Your question is a bit ambiguous.

When the GC encounters a "dead" object that needs finalization, it abandons its attempt to reclaim the dead object's storage. Instead, it puts the object on a queue of "objects that I know need finalization" and treats that object as alive until the finalizer thread is done with it.

So, yes, the GC does "wait" until the finalizer is executed before reclaiming the storage. But it does not wait synchronously. It sounds like you're asking "does the GC synchronously call the finalizer right there?" No, it queues up the object to be finalized later and keeps on truckin'. The GC wants to quickly get through the task of releasing garbage and compacting memory so that the program proper can resume running ASAP. It's not going to stop to deal with some whiny object that is demanding attention before it gets cleaned up. It puts that object on a queue and says "be quiet and the finalizer thread will deal with you later."

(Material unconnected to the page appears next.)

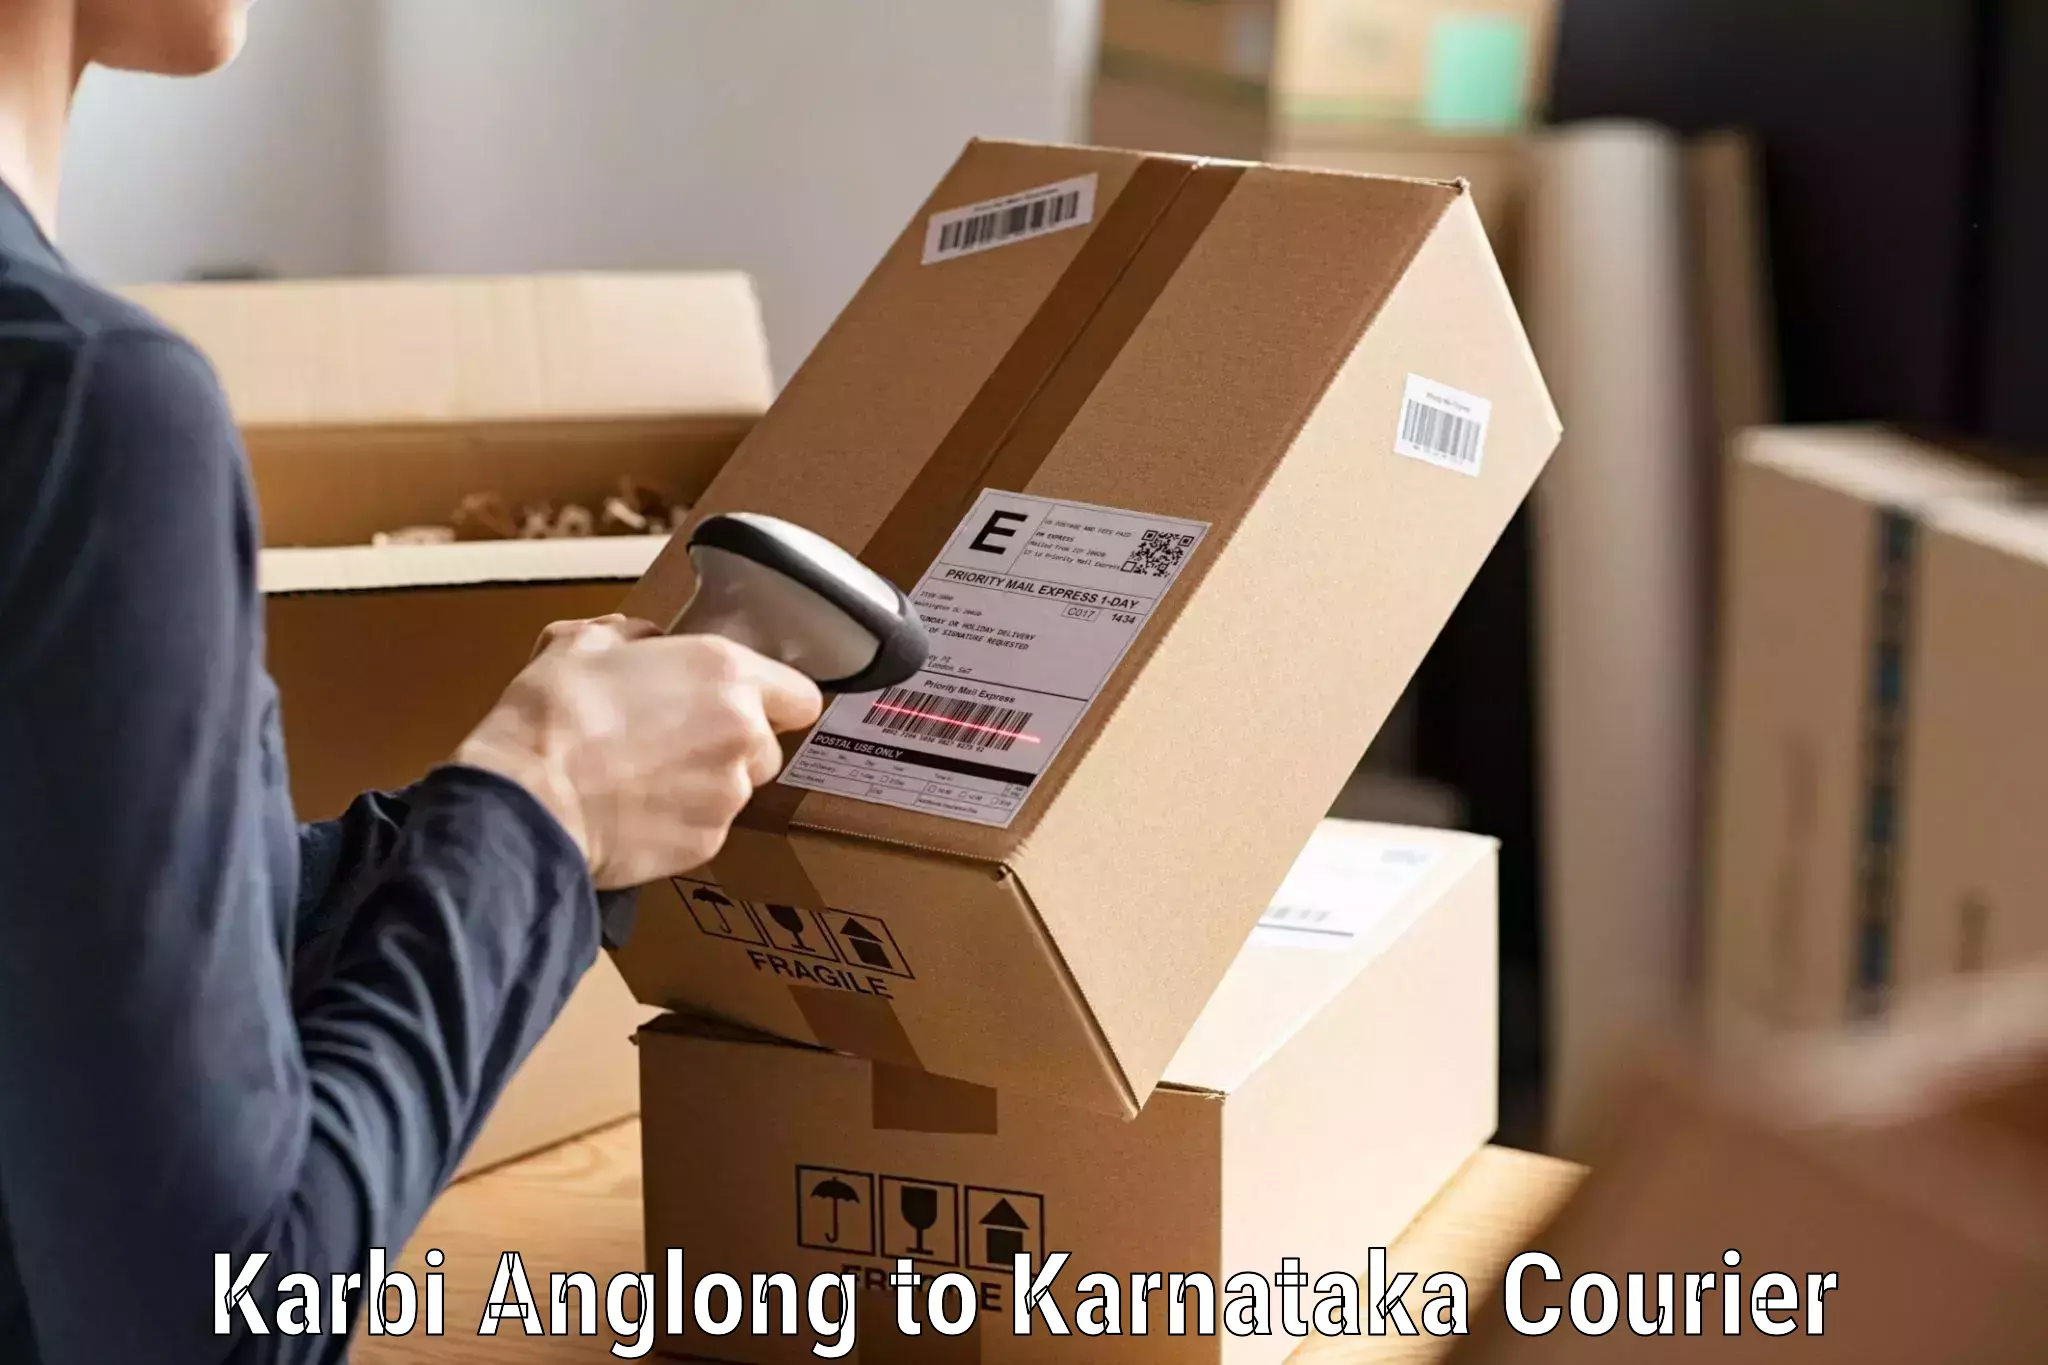 Express package handling Karbi Anglong to Panja Dakshin Kannad

Later on the GC will check the object again and say "are you still dead? And has your finalizer run?" If the answer is "yes" then the object gets reclaimed. (Remember, a finalizer might make a dead object back into a live one; try to never do that. Nothing pleasant happens as a result.)

Does it un-suspend threads while the finalizer is still executing?

I believe that the GC thaws out the threads that it froze, and signals the finalizer thread "hey, you've got work to do". So when the finalizer thread starts running, the threads that were frozen by the GC are starting up again.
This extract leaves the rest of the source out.